İstanbul’da yaklaşık 250 Aşkenaz aile var. Ancak Sefaradlar da buraya geliyorlar. O nedenle her iki topluma da hitap eden kitaplarımız var. Dua esnasında farklı uygulamalar, zamanlamalarda değişiklikler olabiliyor. Örneğin, Tefila bittikten sonra misafirleri onurlandırmak için yapılan dua Aşkenazlara özeldir. Geçtiğimiz hafta sonu Amerikalı bir öğrenci grubu ziyaretimize geldi. Çok neşeli, şarkılı bir Şabat geçirdik. Sefaradlarda biraz daha ciddiyet olur. Burada ise tevada danslar bile yapılıyor.

Rav Mendy’nin katılımı ile yahid sayınızda artış olduğunu görüyoruz. Sizce bunun nedenleri nelerdir?
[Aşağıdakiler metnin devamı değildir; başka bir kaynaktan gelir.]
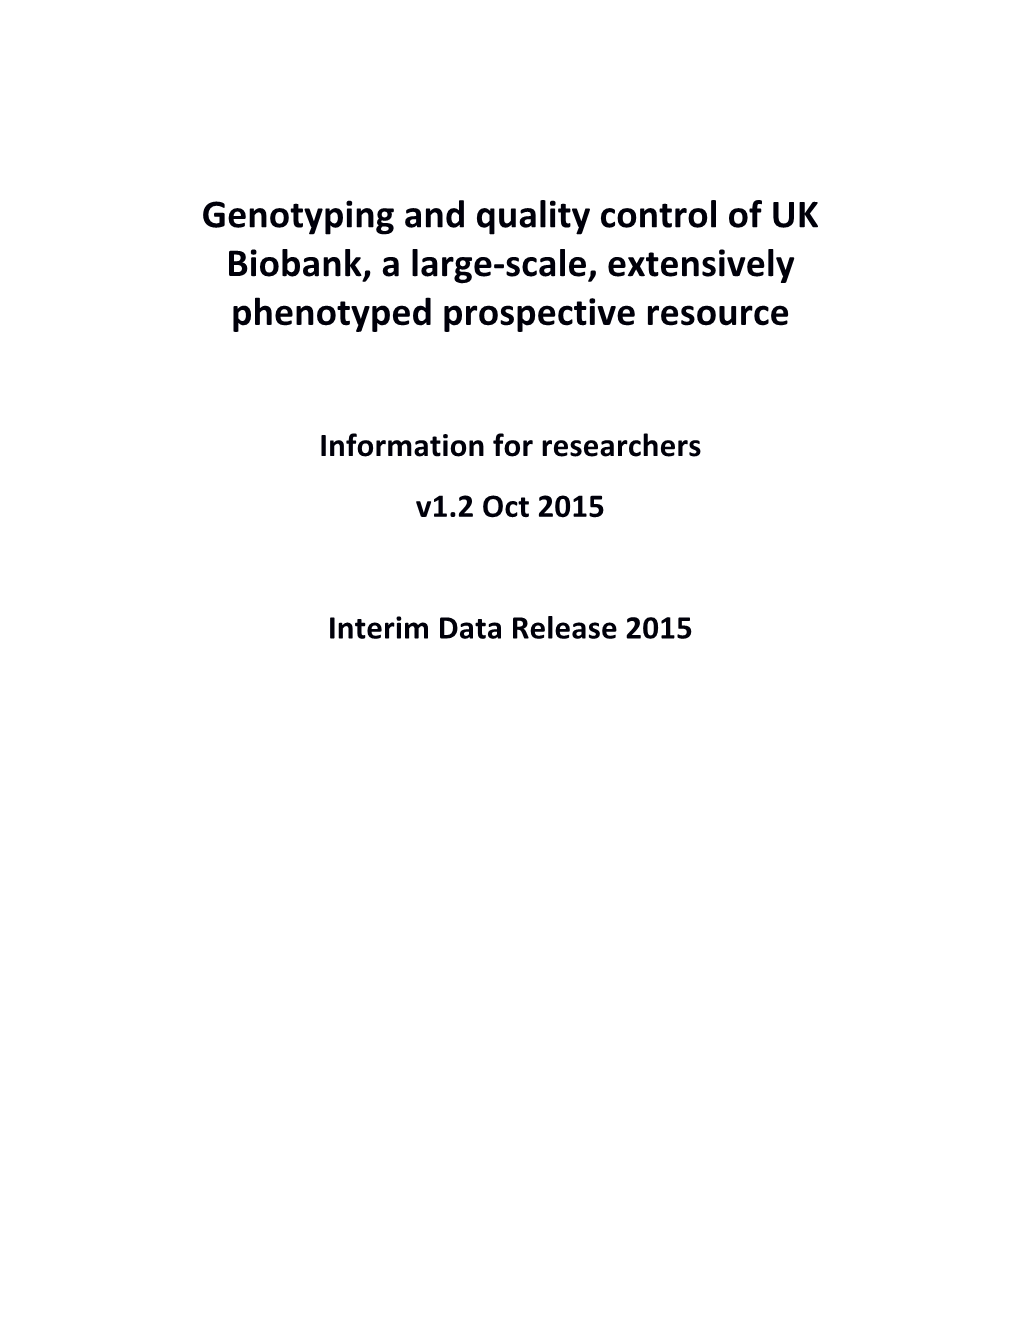 Genotyping and Quality Control of UK Biobank, a Large-Scale, Extensively Phenotyped Prospective Resource

Rav Mendy Chitrik’in katılımı ile de dualarımız farklı bir boyut kazandı. Kendisi yurt dışında yakından tanındığı için birçok misafiri de beraberinde getiriyor. Ayrıca Türkçe’yi de çok iyi kullanabiliyor. Bu nedenle haftanın peraşasını Türkçe ve herkesin ilgisini çekebilecek şekilde, esprilerle süsleyerek açıklıyor. Yabancılar var ise İngilizce tercümesini de yapıyor. Çeşitli hikâyeler veya başından geçmiş ilginç olayları da konuşmasına ekliyor. Bunun yanı sıra bazı duaları da Türkçe okuyor. Bu şekilde insanları, özellikle de gençleri Aşkenaz Sinagogu’na gelmeleri için teşvik etmiş oluyor. Bizler de onun öğretilerinden yararlanıyoruz.

Düğün, Bar-Mitzva, Bat-Mitzva, tefilin gibi güzel günlerden bahsedelim biraz da…

Düğünlerde de Sefaradlardan farklı olarak bazı değişiklikler oluyor. Bir süredir Aşkenaz hahamımız olmadığı için geleneksel uygulamalar yapılamıyordu. Rav Mendy’nin gelişiyle tekrar o günlere döndük. Örneğin düğünlerde gelin, damadın etrafında yedi kere döner. Bunun gibi daha birçok farklılıklar var. Sefarad Cemaati ile aramızda olan bir anlaşma var. Biliyorsunuz erkek Aşkenaz ise, düğünü mutlaka sinagogumuzda oluyor. Ayrıca Aşkenaz bir babanın oğlunun Bar-Mitzva’sı da burada yapılıyor.

Son bir cümle ile söyleşimize son verirken nasıl bir mesaj vermek istersiniz?

Sinagoglar insanlarla güzeldir. Aşkenaz Sinagogu yalnız Aşkenazlara değil, Sefaradlara da açıktır. En büyük arzumuz geleneklerimizi, birlik ve beraberliğimizi korumak ve ibadethanelerimizi yaşatmak.